- Native name: ដាប ឈួន
- Born: 1912 Siem Reap, Cambodia, French Indochina
- Died: 21 February 1959 (aged 46–47) Siem Reap, Cambodia
- Allegiance: Khmer Issarak (1945-1949) France (1940-1943; 1949-1954) Kingdom of Cambodia (1949-1957)
- Branch: Army
- Service years: 1940-1959
- Rank: General
- Conflicts: Dap Chhuon Plot

Governor of Siem Reap province
- In office 1954–1959

Minister of Internal Security
- In office 1954–1957

= Dap Chhuon =

Cambodian warlord

Dap Chhuon (ដាប ឈួន), also known as Chuan Khemphet (ชวน เข็มเพชร), Khem Phet (เข็ม เพชร), Chhuon Mochulpech or Chhuon Mchoul Pich (ឈួន ម្ជុលពេជ្រ) (1912–1959) was a right-wing Cambodian nationalist, guerrilla leader, regional warlord, and general.

Chhuon was born in Siem Reap and grew up in Prey Veng, joining the French militia in which he rose to the rank of sergeant. In the Franco-Thai War he was captured by – or deserted to – Thai forces, and in 1943 again deserted from the Cambodian National Guard at Bang Mealas, allegedly in possession of his men's pay. By the mid-1940s, Chhuon was backed by the Thai government in organising anti-French guerrilla bands in the area of Siem Reap.

In August 1946 a disparate group of activists led by Chhuon, Prince Norodom Chantaraingsey and the leftist Son Ngoc Minh fought French troops in Siem Reap over the course of several days. Chhuon went on to become a leader of the Khmer People's Liberation Committee, a grouping of various regional elements of the Khmer Issarak resistance. However, in late 1949 he and his men went over to the French, who rewarded him with virtual control of parts of northern Cambodia and an official military post as commander of the "Franco-Khmer Corps".

Chhuon had a reputation for extreme brutality which had rapidly alienated the other Issarak leaders, and ruled effectively by personal decree. He was held in awe by the local peasantry. They credited him with powers of invulnerability, reinforced by his habit of demonstrating feats of strength and his "daunting" appearance, being cadaverously thin with "unblinking, deep-set eyes".

By 1954 and Cambodian independence, Chhuon had again switched allegiance, this time to the new government of Norodom Sihanouk; Sihanouk even took him to the Geneva Conference in order to demonstrate that he had Issarak support. In October 1954, in the run-up to the 1955 elections, Chhuon formed an alliance between his 'Victorious North-East' political party and several other small parties (including Lon Nol's Khmer Renovation party) which proclaimed themselves as monarchist, traditionalist and rightist. This rightist alliance formed the basis of Sihanouk's Sangkum Reastr Niyum political organisation. During the 1955 elections, Chhuon's militia were routinely used to break up rallies of Sangkum opponents and intimidate voters.

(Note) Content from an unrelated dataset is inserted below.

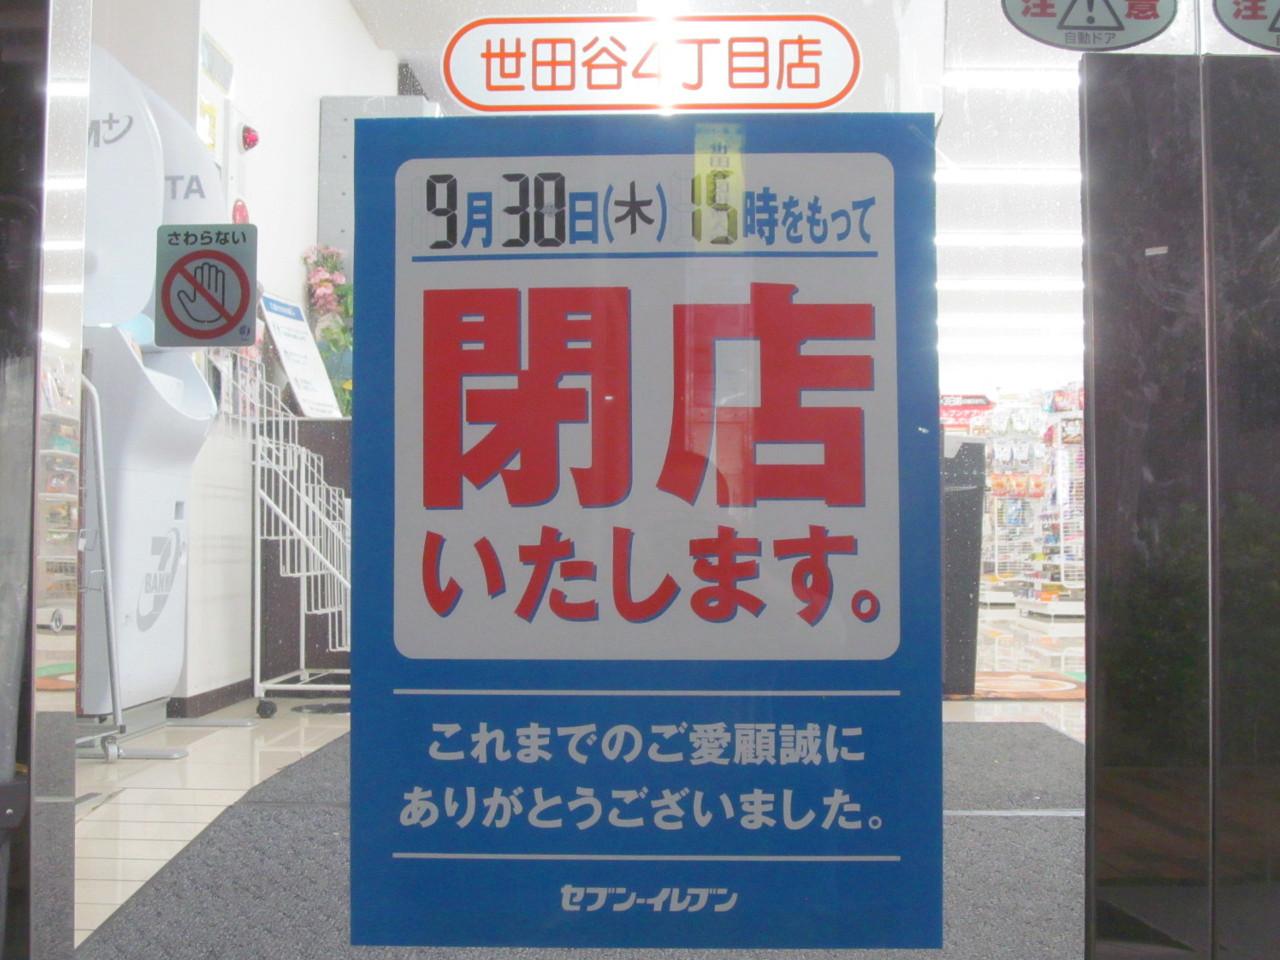 セブンイレブン世田谷4丁目店20210930閉店アイキャッチ1280調整後2
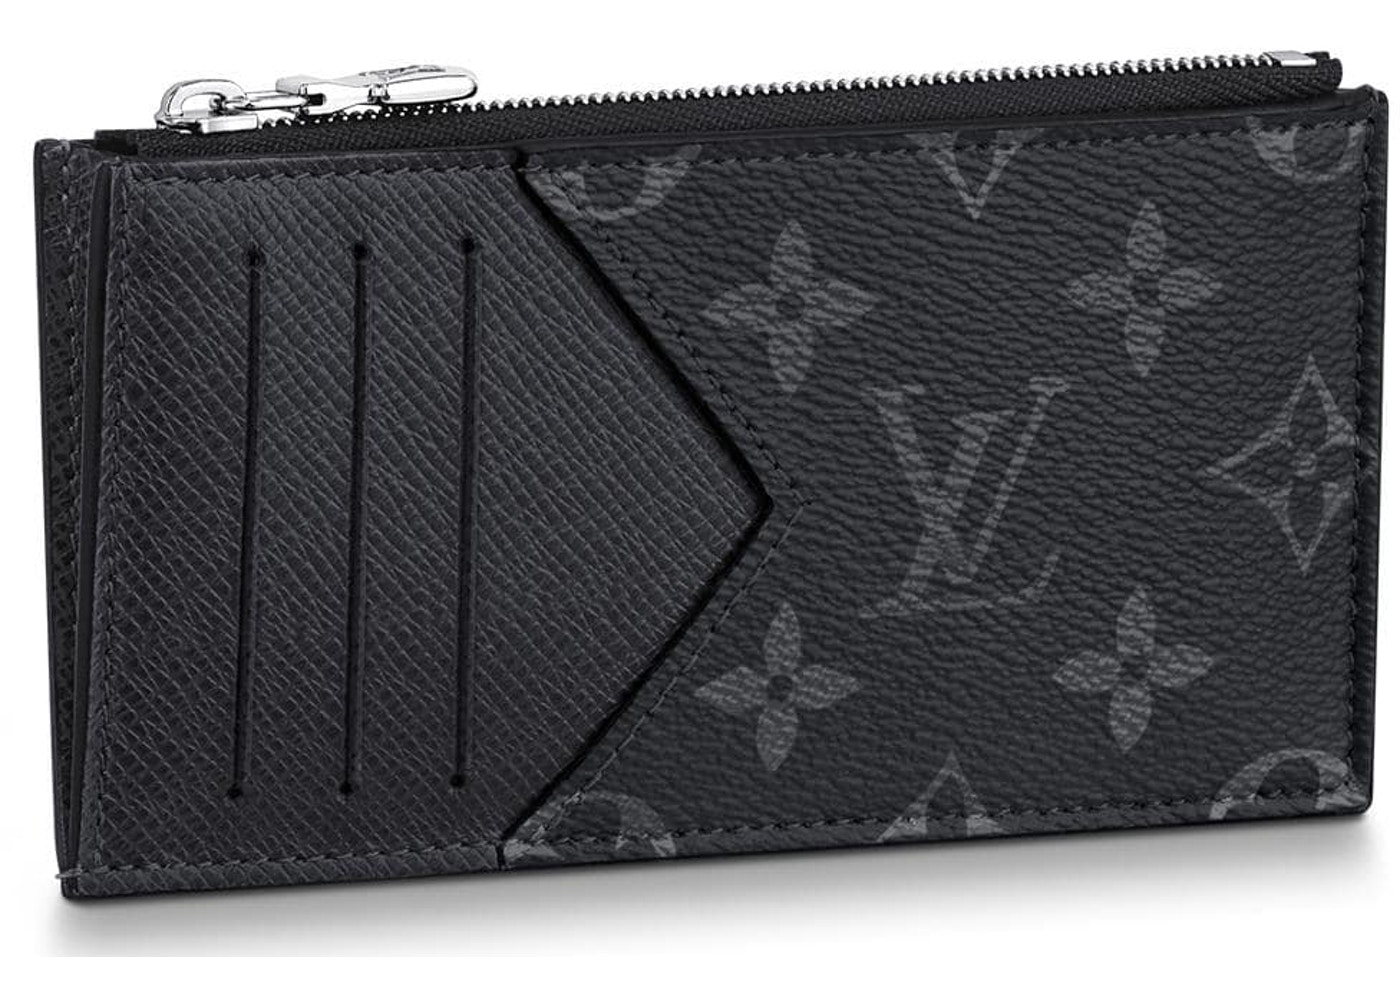 32d3325e2e Louis Vuitton Coin Card Holder Monogram Eclipse Taiga Black

Chhuon became Sihanouk's Internal Security Minister, and the Governor of Siem Reap Province. Although he had begun his career fighting alongside the Viet Minh, Chhuon's increasingly strident anti-communism caused him to be suggested by Robert McClintock, the US Ambassador to Cambodia between 1954 and 1956, to be cultivated as a possible replacement for Sihanouk. His disagreements with Sihanouk over the latter's courting of communist China led to him being dropped from the cabinet in 1957, however, and he began to openly break with Sihanouk's regime.

In 1959 Chhuon was exposed in an allegedly Central Intelligence Agency-funded coup plot (the "Dap Chhuon Plot" or Bangkok Plot). Spies reported to Sihanouk that Dap Chhuon planned, with help from Thailand, to assassinate him, overthrow the monarchy and establish an anti-Communist republic. Sihanouk sent a battalion to Siem Reap with orders to get Dap Chhuon.

According to one account, Chhuon was surprised at his home by Lon Nol's security forces and, despite escaping clad only in an under-sarong, he was quickly recaptured and killed. Sihanouk was later to claim that Lon Nol had secretly ordered the killing of Chhuon in order to avoid being implicated in the coup himself.

One of Chhuon's brothers, Kem Srey, was closely associated with him in his political activities; another brother, Kem Penh, was an international arms dealer. A half-brother, Slat Peou (1929–60), an embassy worker and later the Sangkum delegate for Siem Reap, was executed for his involvement in the 1959 plot.